Good work Allen. I always enjoy your work.

I did three of your shrink wrapped corpses this year. Turned out great.


----------



## HalloweenZombie (Jul 22, 2007)

I made one of these a few years back. Yours came out much better. Sewing the eyes shut was a great idea. Great tutorial as always!


----------



## RoxyBlue (Oct 6, 2008)

Finished product in your face right at the beginning of the video - you da man, Allen

Thank you for taking pity on all those who want to see what you did before you do it


----------



## Headless (Sep 4, 2011)

Love it. Thanks Allen


----------



## fontgeek (Jul 24, 2006)

Interesting piece.
A couple of questions and maybe a suggestion or two.
First, how do you use this prop? Is it left on a table or bench for viewing?
I'm surprised you didn't do a title at least on the spine if not the front board/cover.
How do you store this? I would imagine that you run into some issues with the fragility of the face and latex coating in general.
Have you thought of mounting a rocking/movement inside the book, and maybe a small speaker too? Having the book shake or tremble with a voice screaming to get out or be released could make this a big hit for a witches/warlocks/mages workshop scene.
Do you run into any issues with the latex not holding onto the cover of the books? Do you clean or treat the covers before you do your latex treatment?

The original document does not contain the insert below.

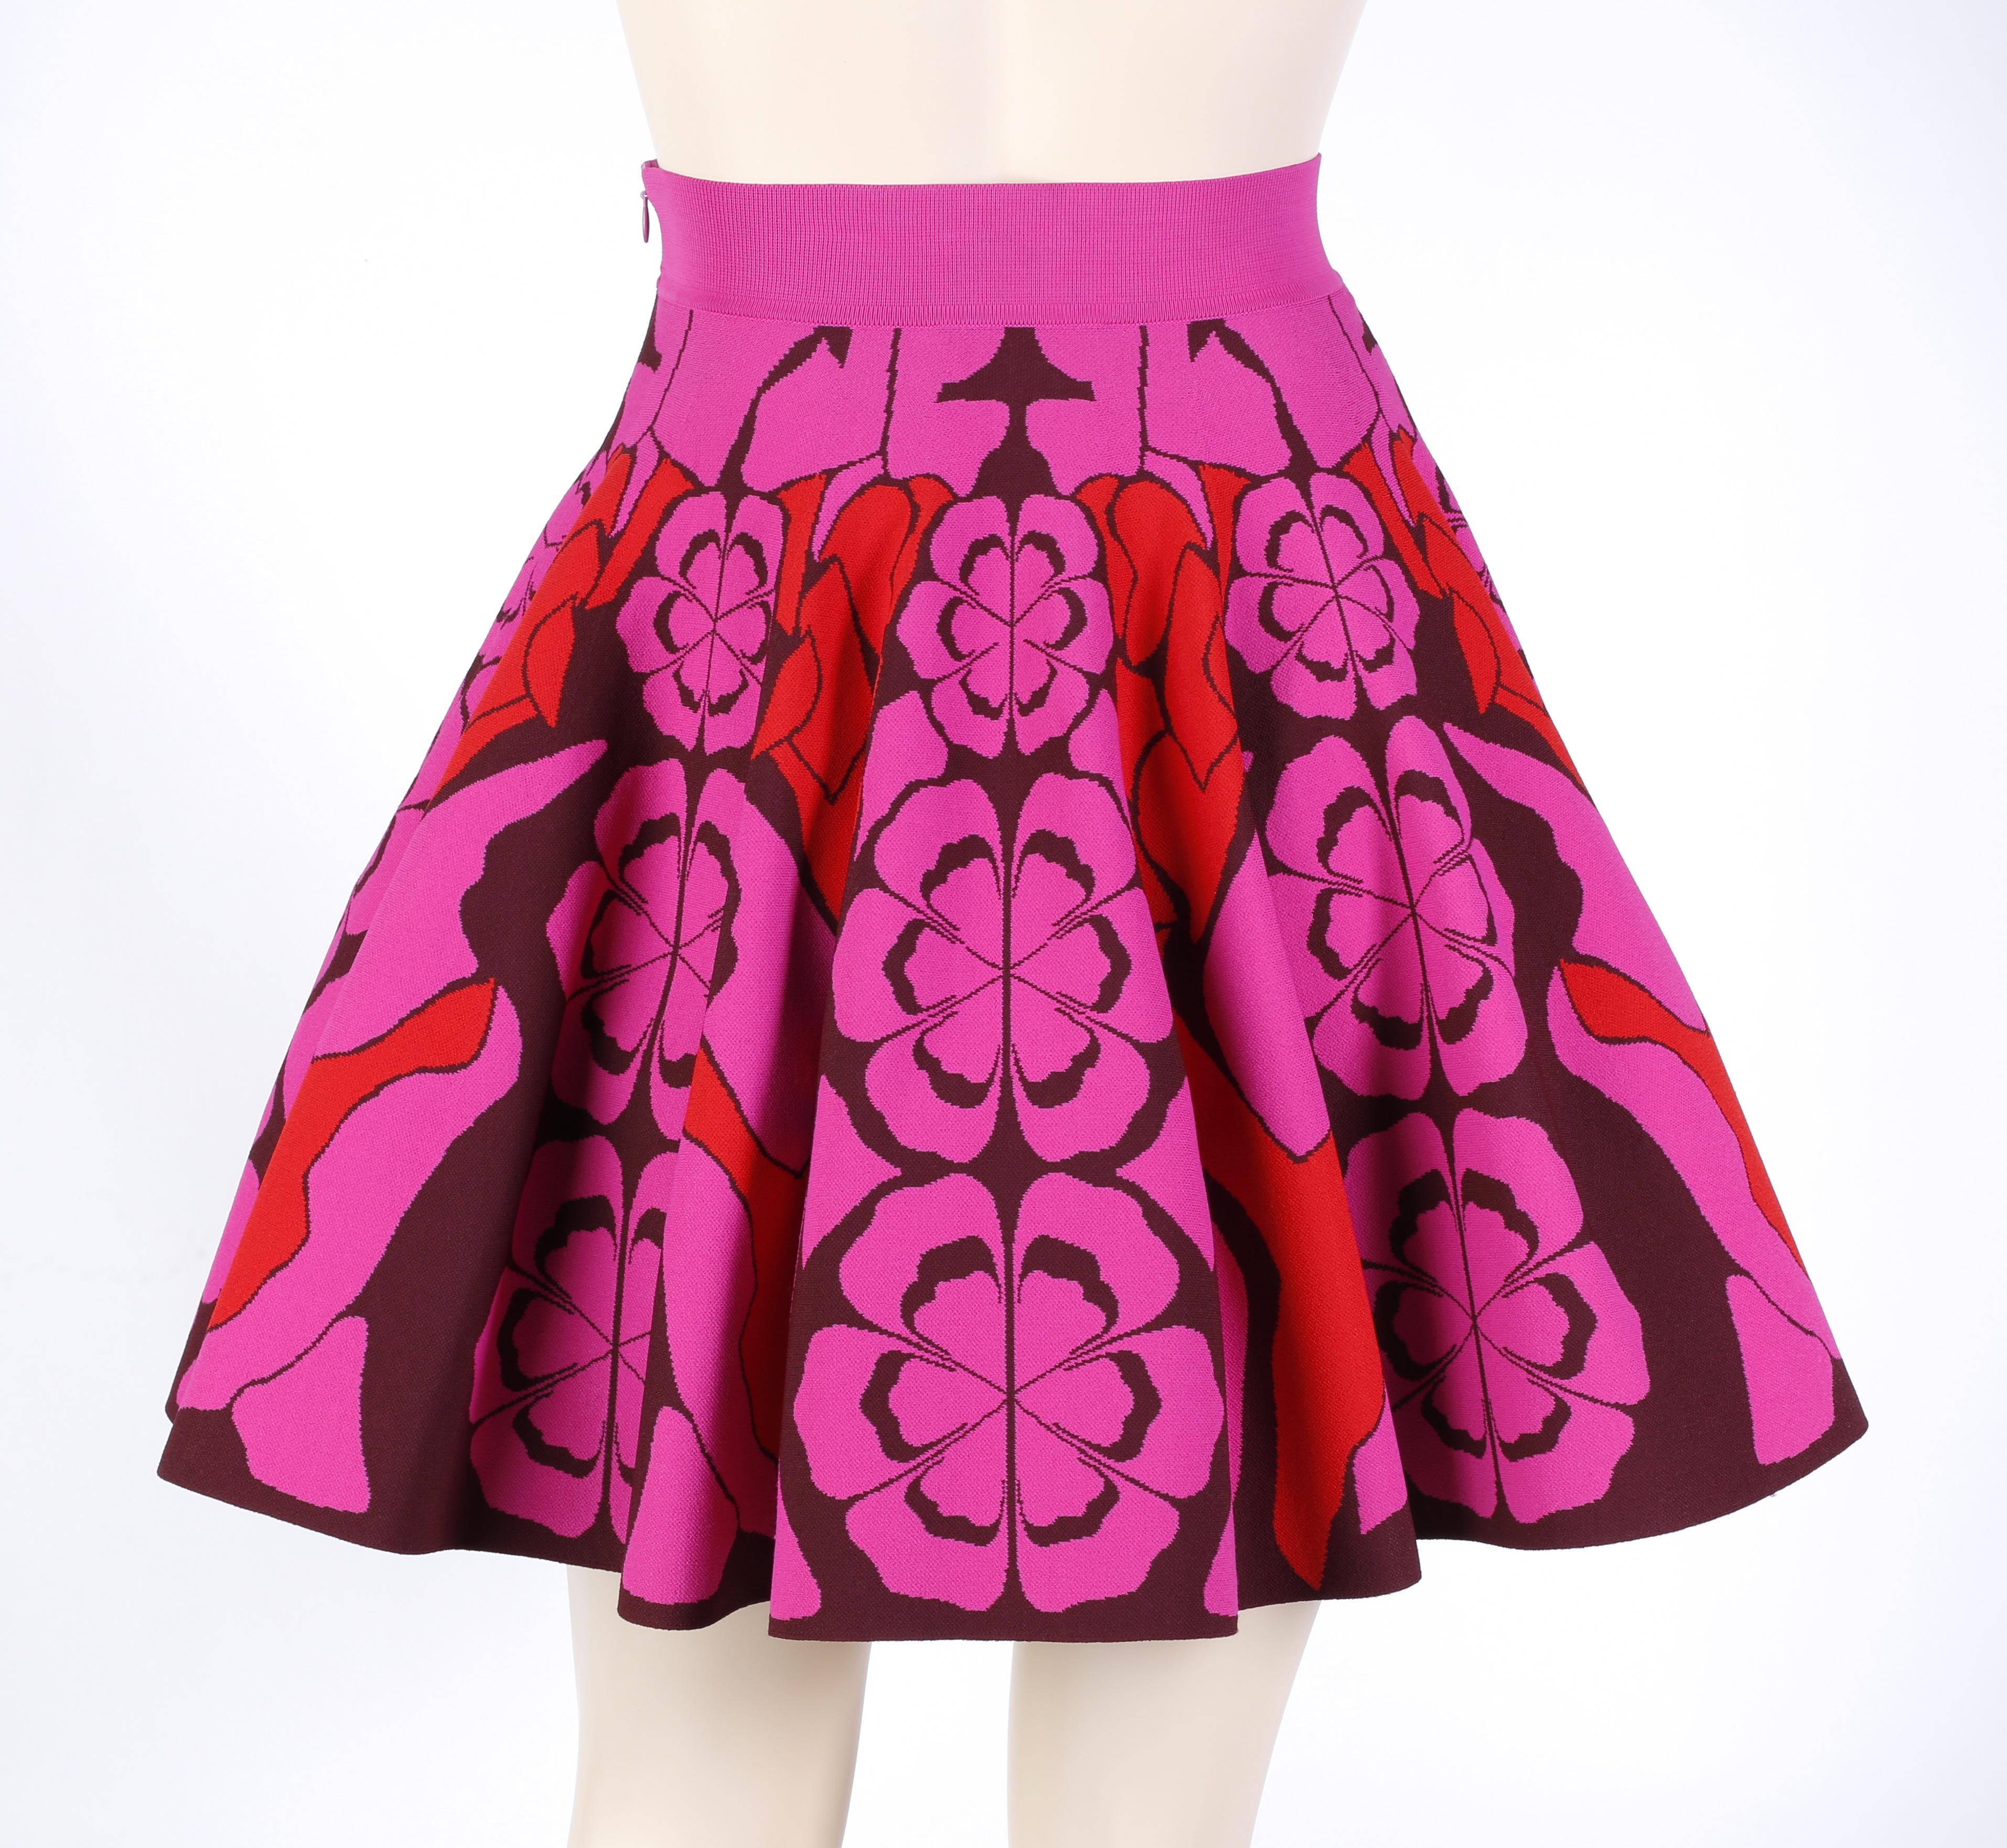 Alexander McQueen Resort 2015 Flower Kaleidoscope Pleated Flair Mini Skirt XS In Good Condition For Sale In Chicago, IL

Have you run into issues with the pages sagging or distorting with age? I'd think that gluing the pages together would help you with your support and handling of the book for yourself or for shipping.


----------



## Plastic Ninja (Sep 30, 2010)

I saw those on your website and went straight to the free book bin at the closest used book store. Now this is even easier! Thanks once again Allen!


----------



## The Halloween Lady (Aug 18, 2010)

Awesome. Disturbing, but awesome!!!! Can't wait to make one.


----------



## Allen H (Feb 13, 2010)

First, how do you use this prop? 
It is a display piece. I display it.

Is it left on a table or bench for viewing?
I have had them screwed down to tables, held in book holders, and I have a shelving unit full of them at my monster museum (all taken from Hags).
I'm surprised you didn't do a title at least on the spine if not the front board/cover.
I dont see the need, when I look at them its pretty obvious they are not about botony or math, If I were going to do a title I would make it very specific and do a bunch of them- like a human heart sculpted to the front and have that be love spells, and several different black magic books.
How do you store this? 
They look pretty cool, I have no issue with keeping them on display in my library in my home.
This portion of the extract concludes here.